Given that every tournament data is accessible online on the EGD website, it's probably feasible to test. How would you analyze the data to know which is better, though?

daniel_the_smith · #3

I think the normal way to evaluate such things is to feed it half the data and see how well it predicts the other half. If I recall correctly, the authors do that in the paper with data from some server.

RobertJasiek · #4

Does it make sense to use real world rating data at all to evaluate a specific rating system / algorithm or should one not rather first require the real world data to meet certain minimal quality criteria? E.g., each player to have played a particular minimal number of games per period of time. E.g., all players to be not isolated in regional subpopulations. E.g., all held tournaments are submitted to rating evaluation.

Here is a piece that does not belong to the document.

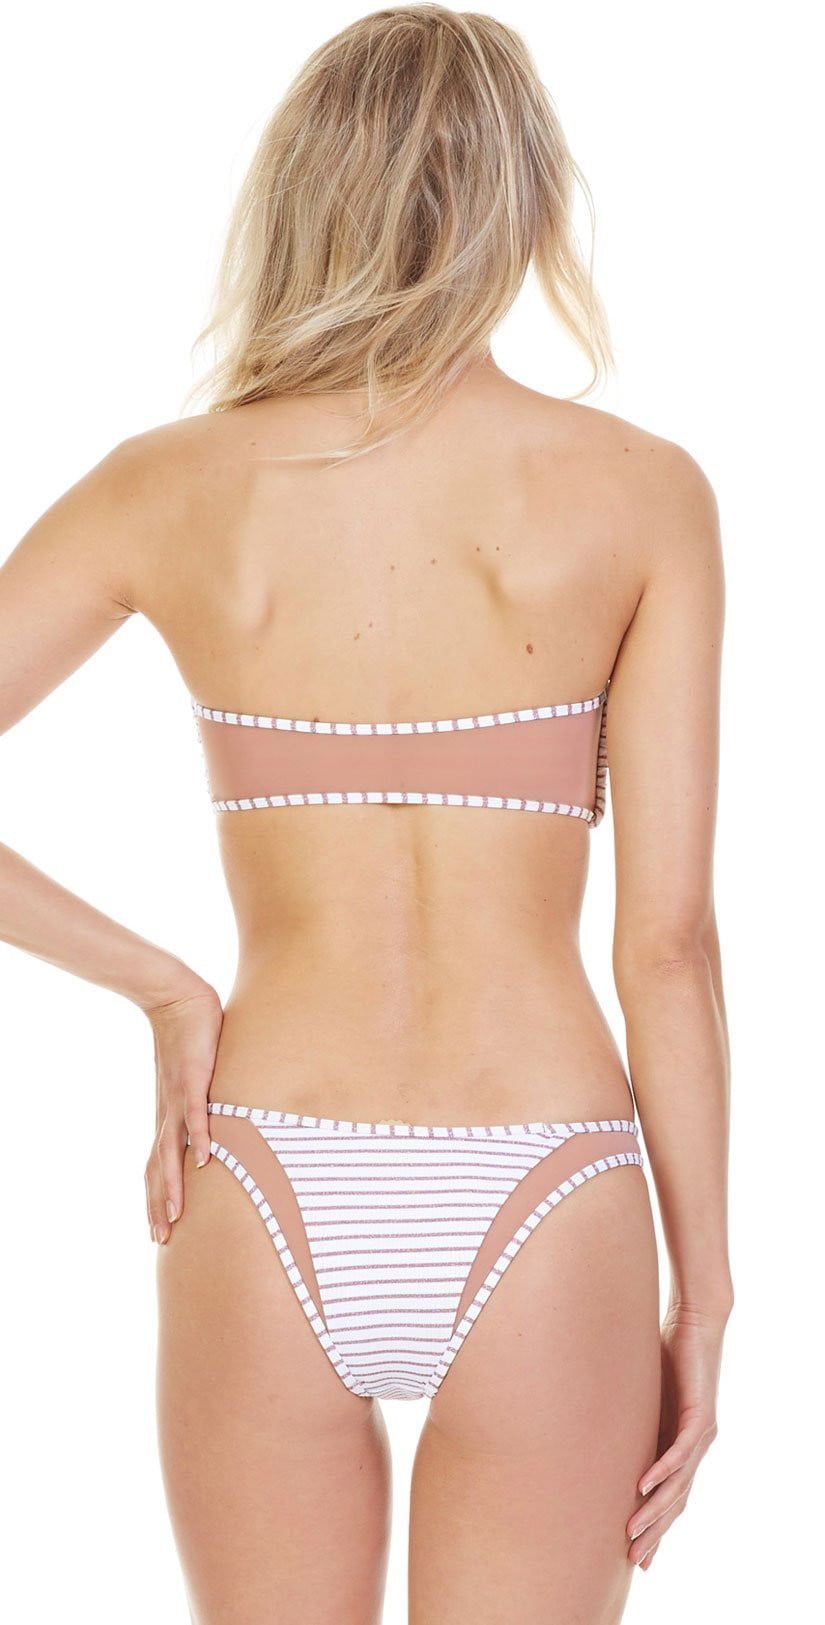 South Beach Swimsuits Tori Praver Royale Fine Rib Bikini Top
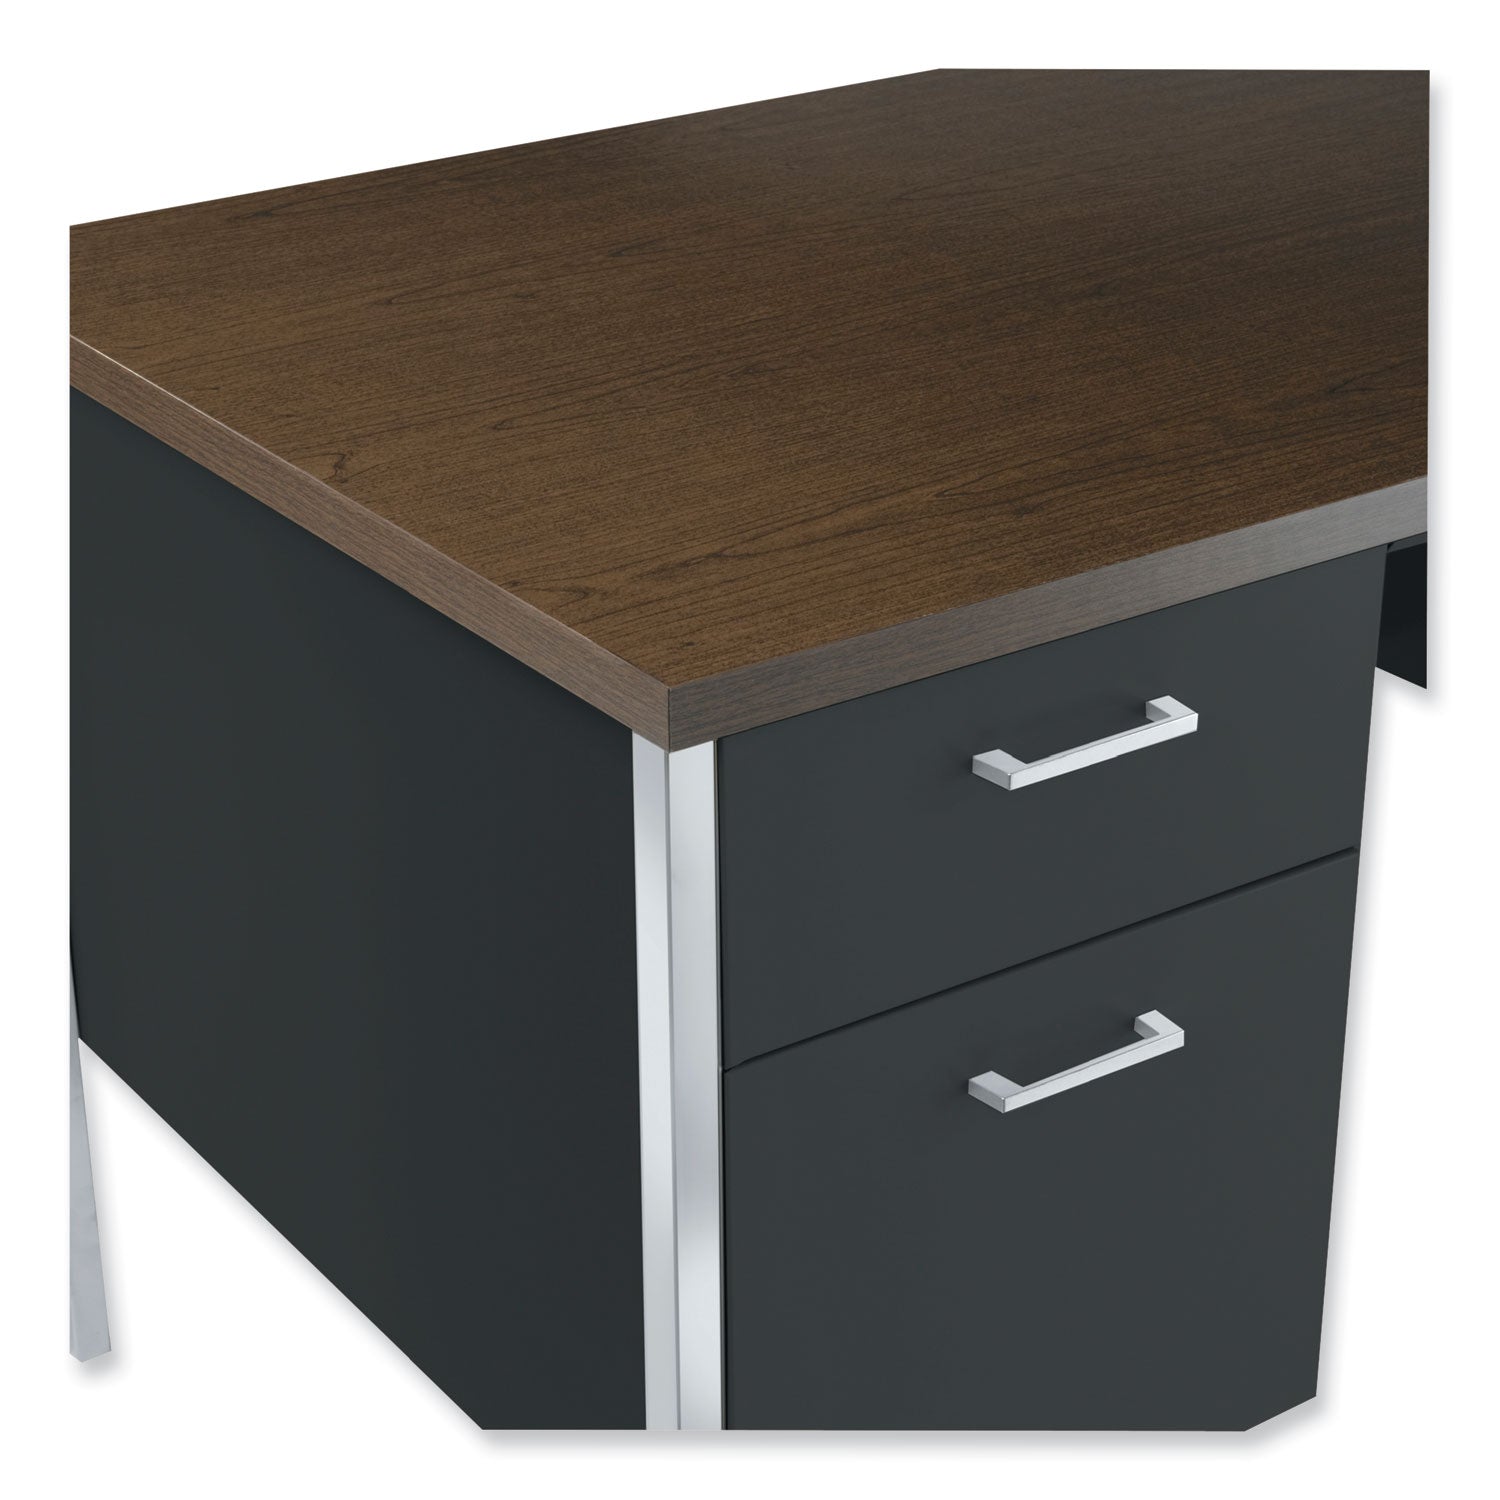 single-pedestal-steel-desk-4525-x-24-x-295-mocha-black-chrome-legs_alesd4524bm - 4

Should one take a set of well selected players (playing enough, dan players only) and take information from only well selected tournaments (class A, even games only)?

Or is a model player population always a better test data set because one can easily let all its players fit reasonable quality criteria?

Harleqin · #5

RobertJasiek wrote:

Does it make sense to use real world rating data at all to evaluate a specific rating system / algorithm or should one not rather first require the real world data to meet certain minimal quality criteria? E.g., each player to have played a particular minimal number of games per period of time. E.g., all players to be not isolated in regional subpopulations. E.g., all held tournaments are submitted to rating evaluation.

(I guess you mean "real world game data", not "real world rating data".)

The main problem from the missing quality you are mentioning arises when the rating algorithm regards newer data as corrections rather than modeling a development. In the first case, there have to be a lot of contacts between different populations in order to get enough corrections for rating alignment, while in the second, just a few should suffice. The case of only few rated games of a player is similar.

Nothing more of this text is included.